You can also hear McWhorter debate the merits of reparations on NPR's Talk of the Nation with Richard Newman (pro-reparations) who is the Director of the W.E.B. DuBois Institute for Afro-American Research at Harvard.

On the Boilermaker front today...Purdue is ranked 30th in the nation in another pre-season poll, and Gene Keady lands a recruit for the 2003 season.

Tertullian (c.160-215) writes the following regarding the extent to which Christians had engaged the surrounding culture like so much yeast leavening a loaf:

We are but of yesterday, and we have filled every place among you—cities, islands, fortresses, towns, market-places, the very camp, tribes, companies, palace, senate, forum—we have left nothing to you but the temples of your gods.

Rather than retreating from the world in fear of being contaminated, these early Christians were in and among the world seasoning the culture by proclaiming the good news of Jesus Christ.

Tuesday, April 09, 2002

The kingdom is where the body of Christ is found, whether we speak of His body incarnate, sacramental, or ecclesiastical.

From Peter Leithart's The Kingdom and the Power: Rediscovering the Centrality of the Church .

This may be old news to some of you, but there's an accented Greek New Testament available on the web.
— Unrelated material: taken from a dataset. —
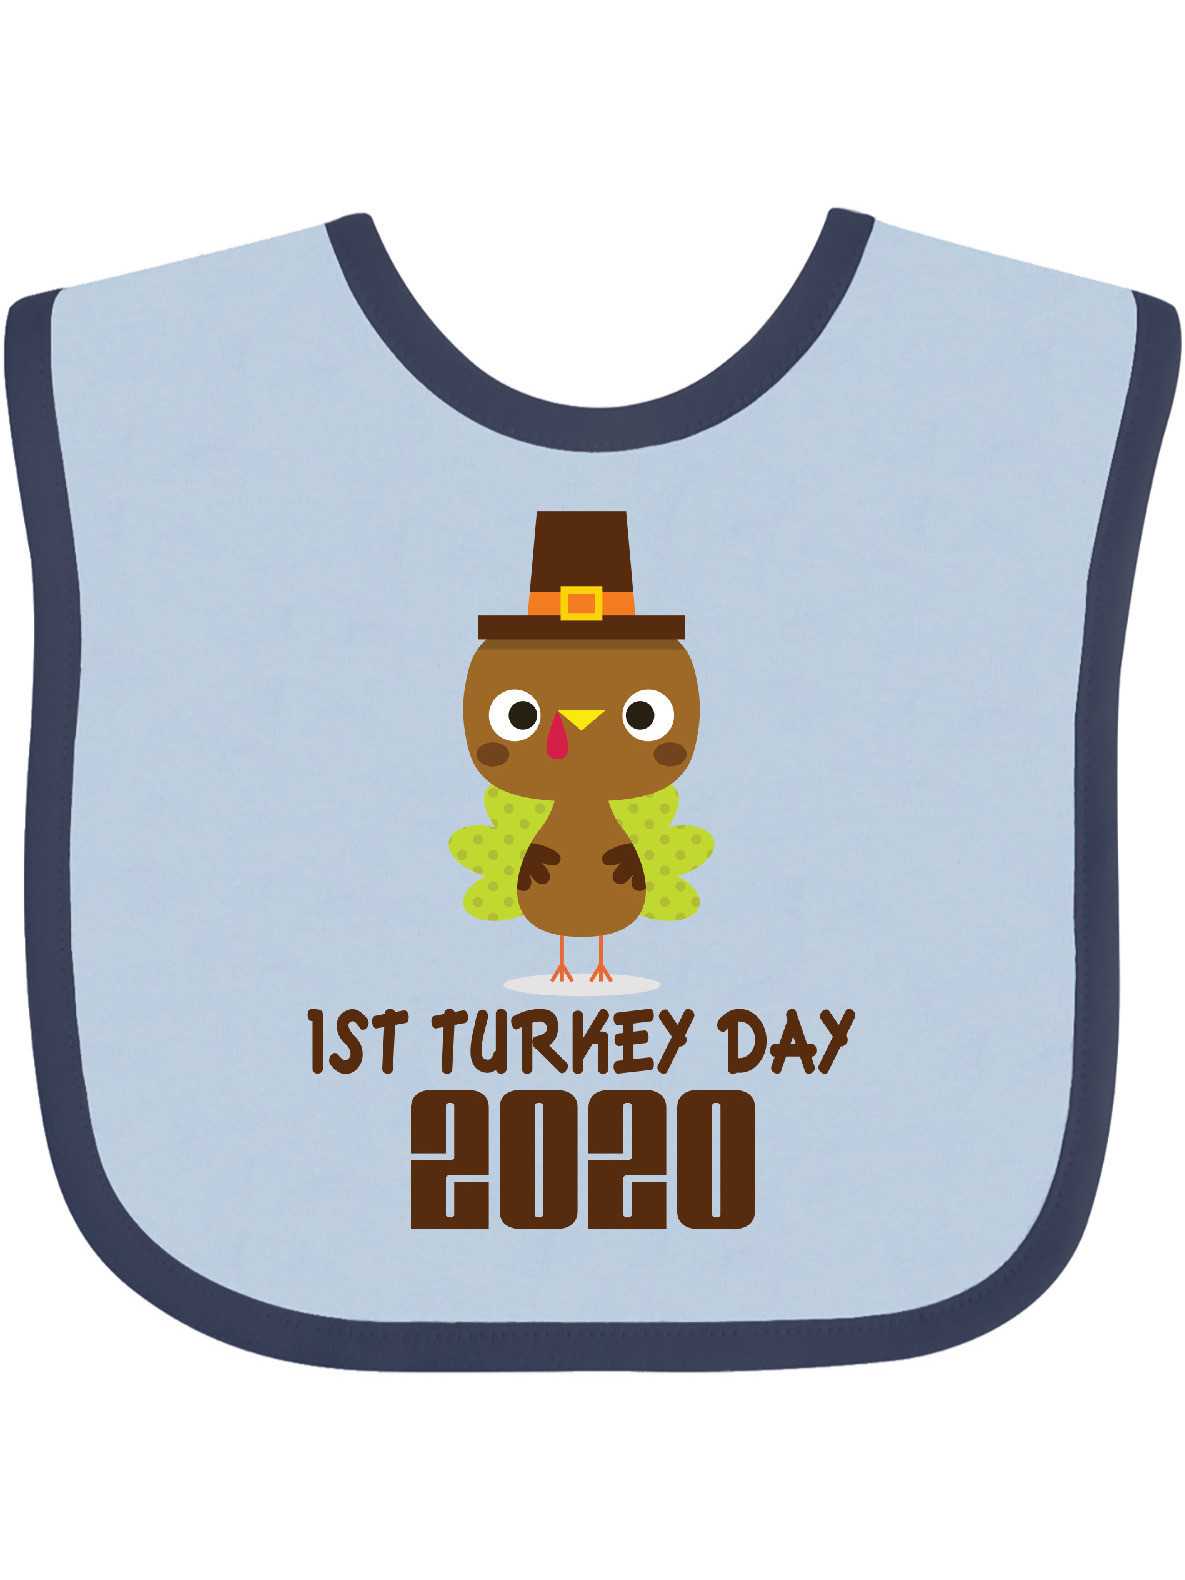 Turkey For Thanksgiving 2020
 1st Thanksgiving Turkey Day 2020 Baby Bib Walmart

It even has a some basic search features...and it's all free! I'd be interested in finding a similar site for the Hebrew OT. If any of you know of such a site please let me know.

In a pre-pre-pre-preseason college football poll, Purdue is picked number 20 in the nation. I think they'll be competitive, but that's really optimistic.

By the way, I was finally able to get the picture of Chalmers to work on my post below. Scroll down to March 18th to see it.

Monday, April 08, 2002

I've been a very baaad blogger -- 16 days without a post -- but I'm back and I hope to blog a little more frequently.

One of the books that I'm reading right now (ignore for now that list of books in the's several months old) is the new Teddy Roosevelt biography from Edmund Morris, Theodore Rex. Somehow I stumbled onto a Presidential Voice Library on the web and found a short section of a Roosevelt "trustbusting" speech there available in RealAudio & MP3 formats. I knew Teddy's voice was not particularly deep, but it's so much different than I imagined it. Based on both his physical appearance and his rough outdoorsman lifestyle, I expected a rugged, gravelly voice, instead I found his voice to be refined and his pronunciation delicate -- especially his T's and P's which are not forcefully expelled, and could almost pass for D's and B's respectively.